Some early-planted squash on plastic has set fruit—these should be protected if grown on farms with a history of Phytophthora. In research trials, the two actives that have been most effective at reducing fruit rots include mefenoxam and oxathiapiprolin. Mandipropamid (Revus) and fluopicolide (Presidio) could be alternated with these as "B-team" products. Formulations include:

  • Mefenoxam: Ridomil Gold Bravo and Copper (all cucurbits) and Ridomil Gold MZ (summer squash, melon, cukes) describe foliar applications on their label. Ultra Flourish (a generic) and Ridomil Gold describe soil directed applications. All have a five-day preharvest interval (PHI). In areas of the state with a long history of Ridomil, use resistance can be present.
  • Oxathiapiprolin: Formulations include Orondis Opti (pre-mix with Bravo) and Orondis Ultra (pre-mix with Revus).

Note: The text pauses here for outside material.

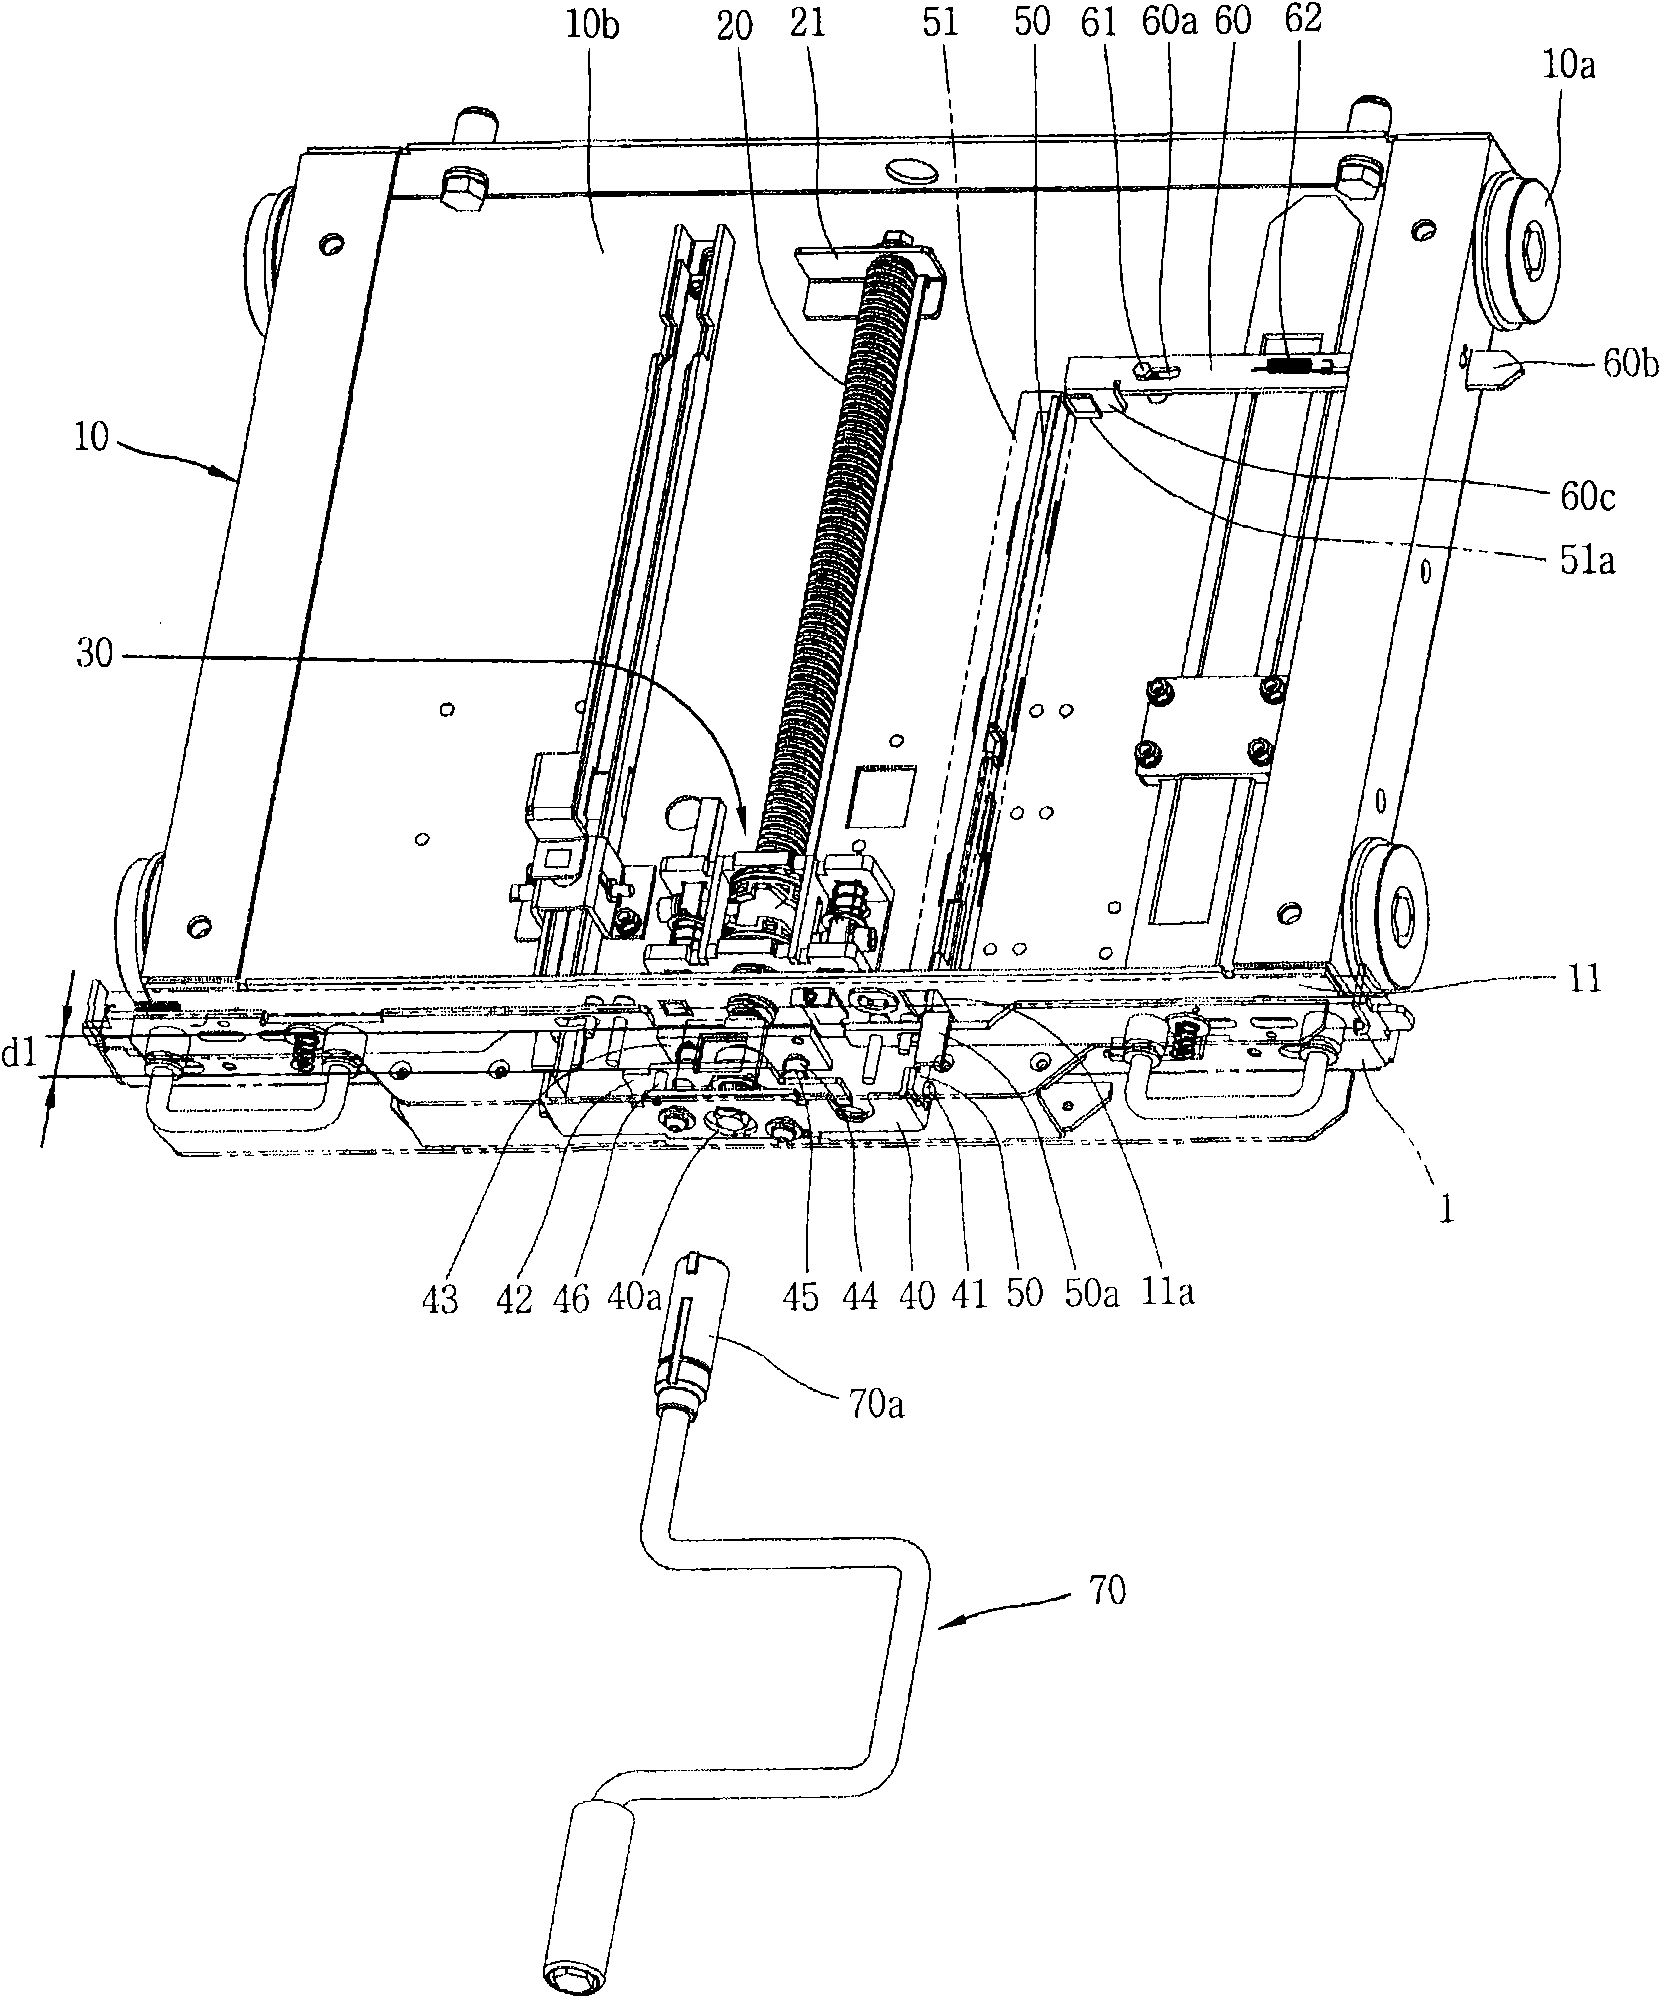 Interlock apparatus of ground switch for vacuum circuit breaker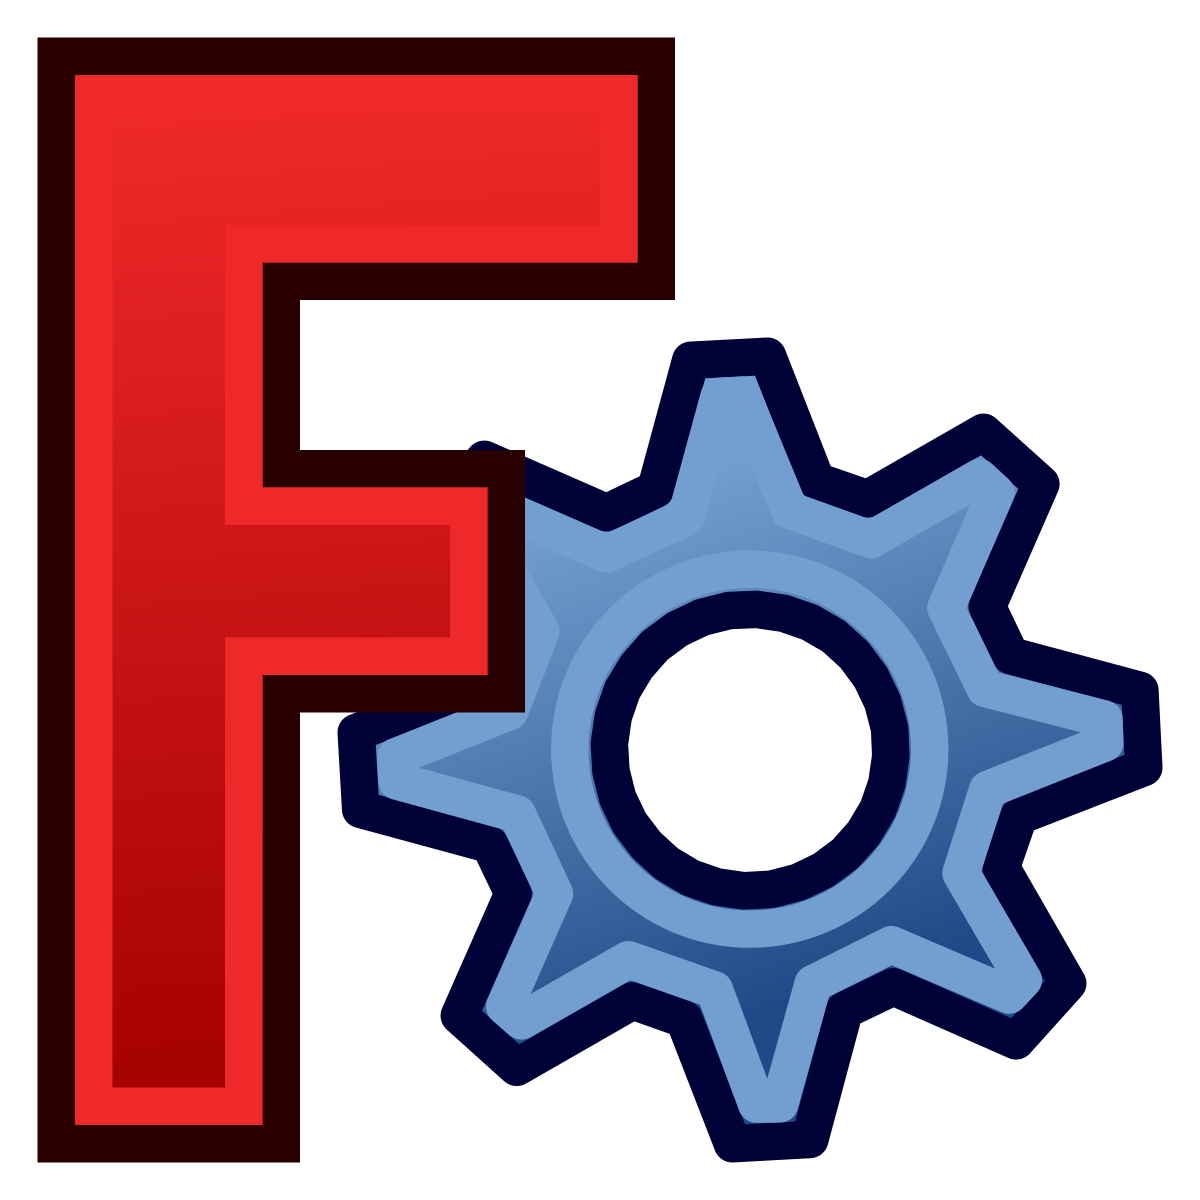 Archivo:FreeCAD-logo.svg - Wikipedia, la enciclopedia libre

Onions need to be protected with fungicides given the weather. MSU plant pathologist Mary Hausbeck suggested tailoring programs for Stemphylium, which is a persistent problem, while keeping an eye out for downy mildew, for which we have also had favorable weather. Fluopyram (e.g., Luna Tranquility) is our most effective Stemphylium product, and Hausbeck suggests it is worthwhile to apply now. For protectants, consider using chlorothalonil in place of mancozeb. In Stemphylium trials, mancozeb was not at all effective, but chlorothalonil did help prevent Stemphylium. Remember, chlorothalonil is not a good tank-mix partner with Movento.

For tomatoes, peppers and potatoes, early blight symptoms have developed in southwest Michigan. Consider applying chlorothalonil as a protectant spray on a 7-10-day schedule. Bacterial leaf spot has also been detected in peppers. Late blight has not yet been detected in the Great Lakes region.

Sweet corn scouts have detected higher than normal European corn borer activity in the earliest plantings and corn earworm has already been captured in pheromone traps. Overall, delayed field corn plantings mean that early sweet corn may be larger, and much more attractive, to moths looking for a good host. This might mean we will see higher than normal early-season caterpillar activity this year, including corn borer and true armyworm. Be on the lookout for damage.

For European corn borer, once tassels emerge, the caterpillars will leave the whorl and can bore into the developing ear. Prompt treatment at row tassel with a pyrethroid can be effective when caterpillars are active at row tassel, as it can contact and kill larvae as they move down the plant.